IN THE REPUBLIC In its 59-year history, Singapore has had only three leaders. On May 15, it will be the fourth time that Prime Minister Lee Hsien Loong, aged 72 and whose father, Lee Kuan Yew, ruled with an iron will for 31 years, will resign. During a ceremony at the presidential palace, Lawrence Wong, the current Minister of Finance, will take the oath of office. He is Mr. Lee’s junior by twenty years. Singapore now faces the prospect of a future without Lee at the helm.
The inauguration also marks the moment when the ruling party, the Popular Action Party (PORRIDGE), passes the baton of a “3g» (third generation) of senior party officials to the “4g» cohort who chose Mr. Wong as their man. Mr Wong will then call a general election, probably this year. THE PORRIDGE made sure to never lose one, and Mr. Wong certainly won’t lose his. He is guaranteed a majority that would make the leaders of many other countries cry.

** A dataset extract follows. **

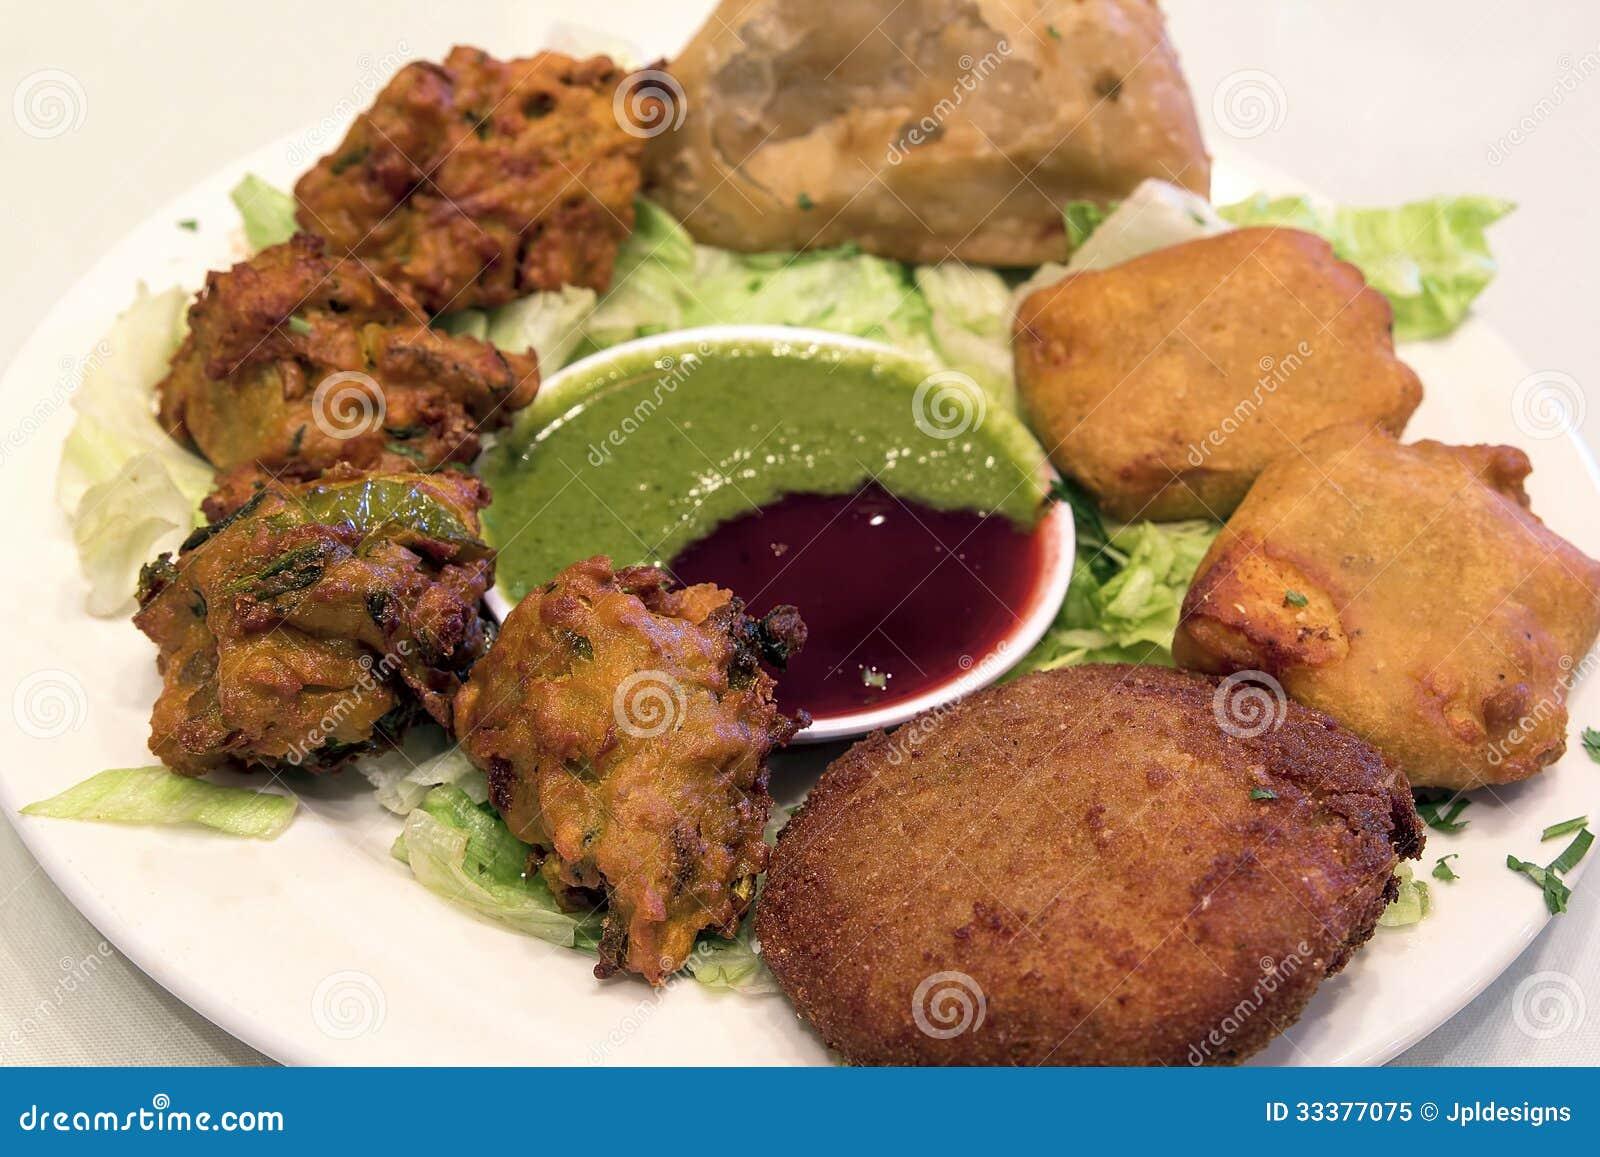 East Indian Food Appetizer Dish Closeup Royalty Free Stock ...

But never think that elections don’t matter to the PORRIDGE. The stakes are much higher than they seem.
Singaporeans no longer judge PORRIDGE simply on its traditional emphasis on economic growth and on maintaining Singapore, a small speck of multi-ethnic prosperity in a sea of turmoil, free from threats to its extraordinary success and social cohesion.

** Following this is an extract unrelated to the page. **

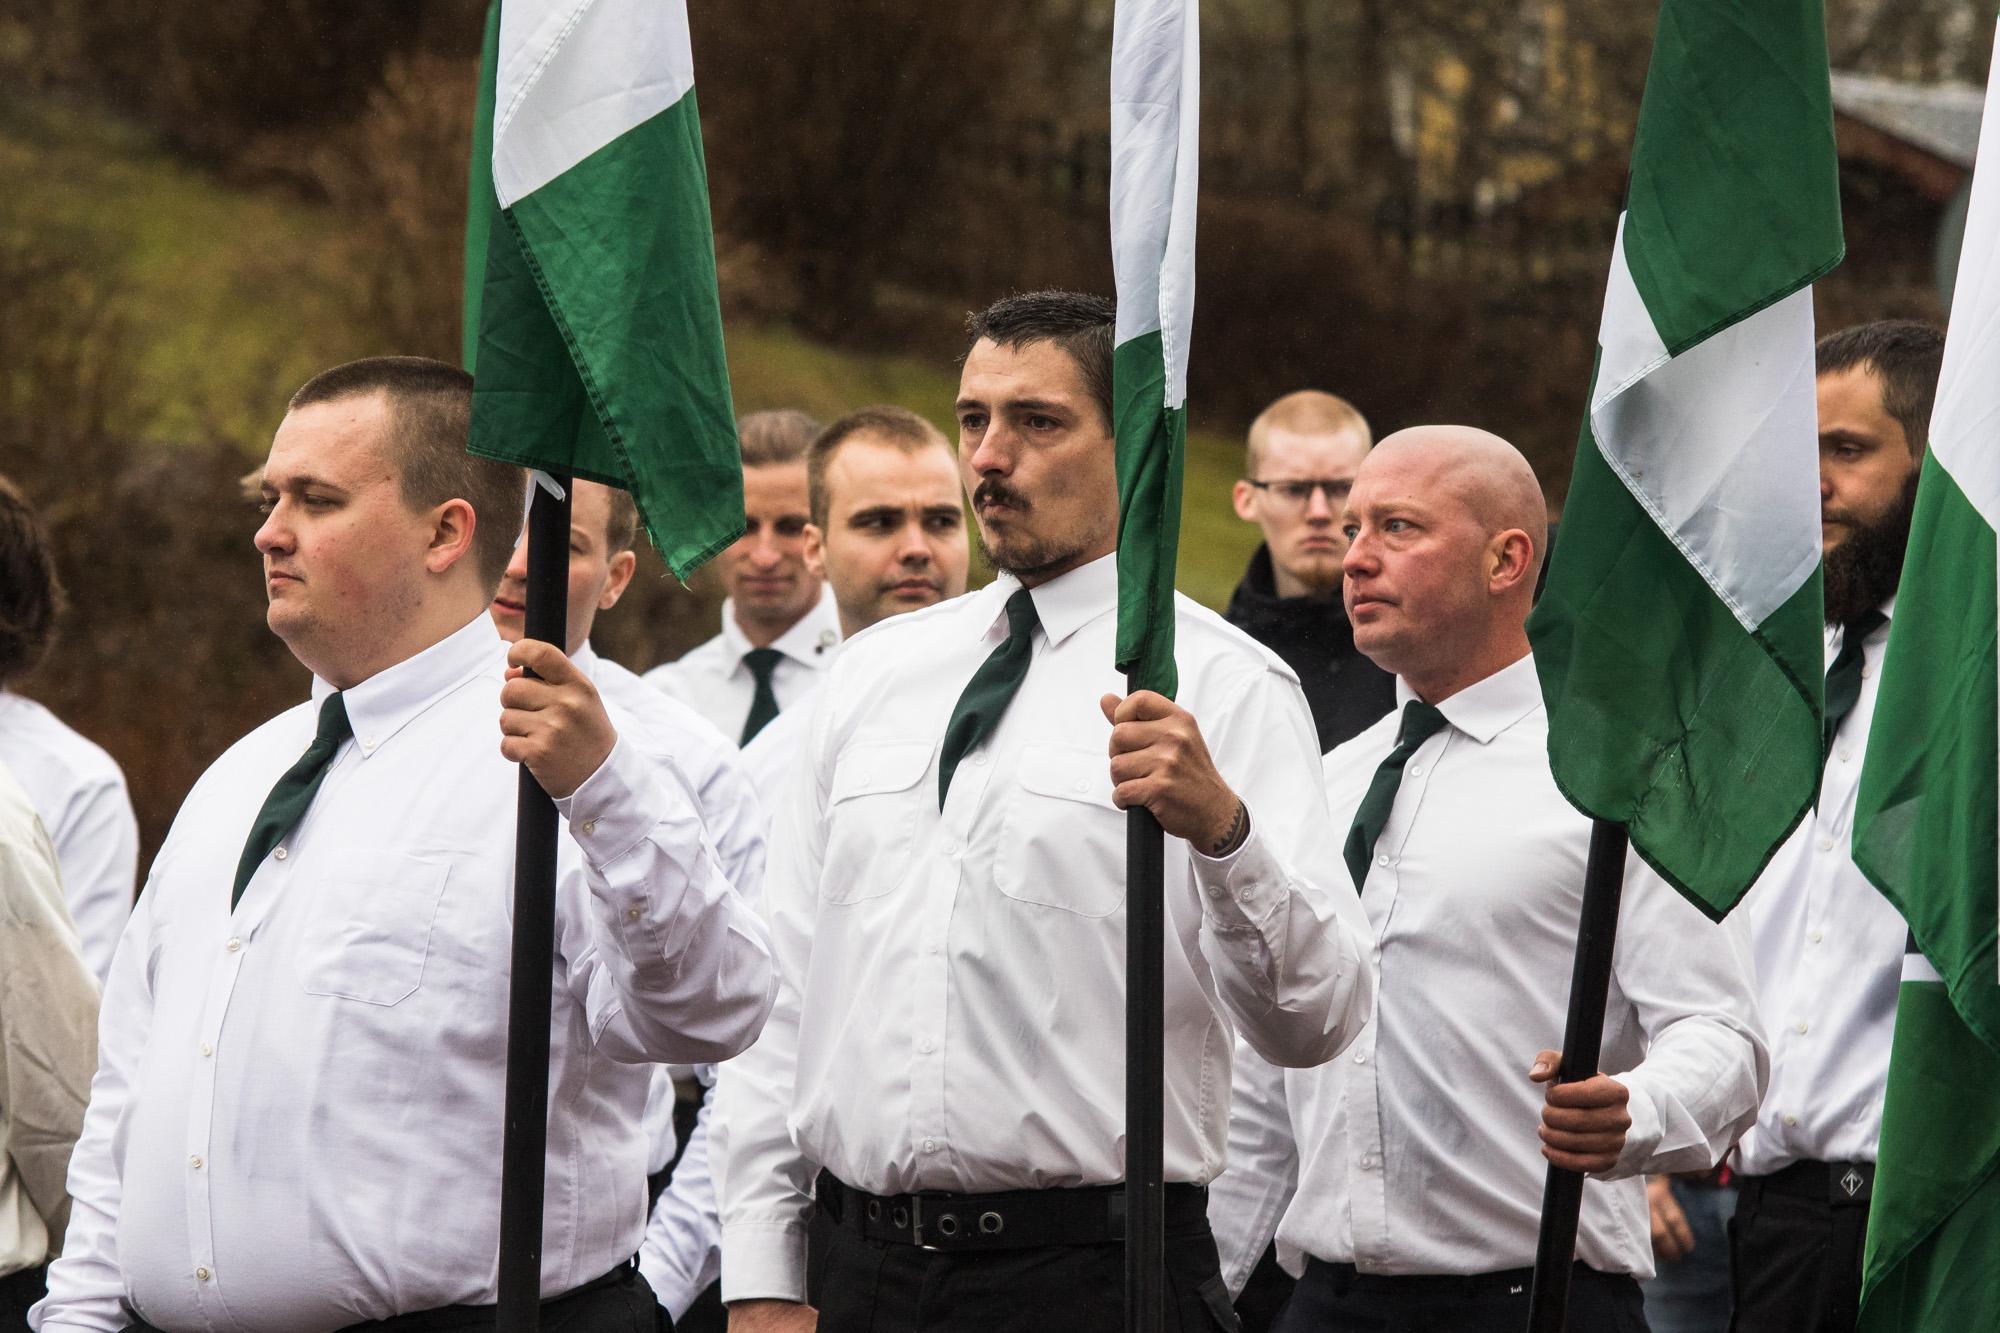 Jacob Vullum Andersen ses i midten under NMRs demonstration i den svenske by Ludvika 1. Maj 2018. Foto: Redox.

Indeed, many young Singaporeans, less respectful of hierarchy, want more fairness in the distribution of growth: they think that a country with such gargantuan financial reserves should support social assistance more generously. They also want policy to be more participatory rather than heavily driven from the top. The issue for Mr. Wong, when he goes to the countryside, is not his (and the 4g‘s) formal mandate but rather moral legitimacy.
The party likes to leave little to chance, and before change comes continuity. Mr Wong plays down expectations of major cabinet reshuffles before the election. After that, Mr Lee, like his father before him, will remain in office as Chief Minister (more commonly known as SM-the party loves initials). At least one key member of the old guard, K. Shanmugam, will remain in office. Since 2008, he has been Minister of Justice and also heads the Ministry of the Interior.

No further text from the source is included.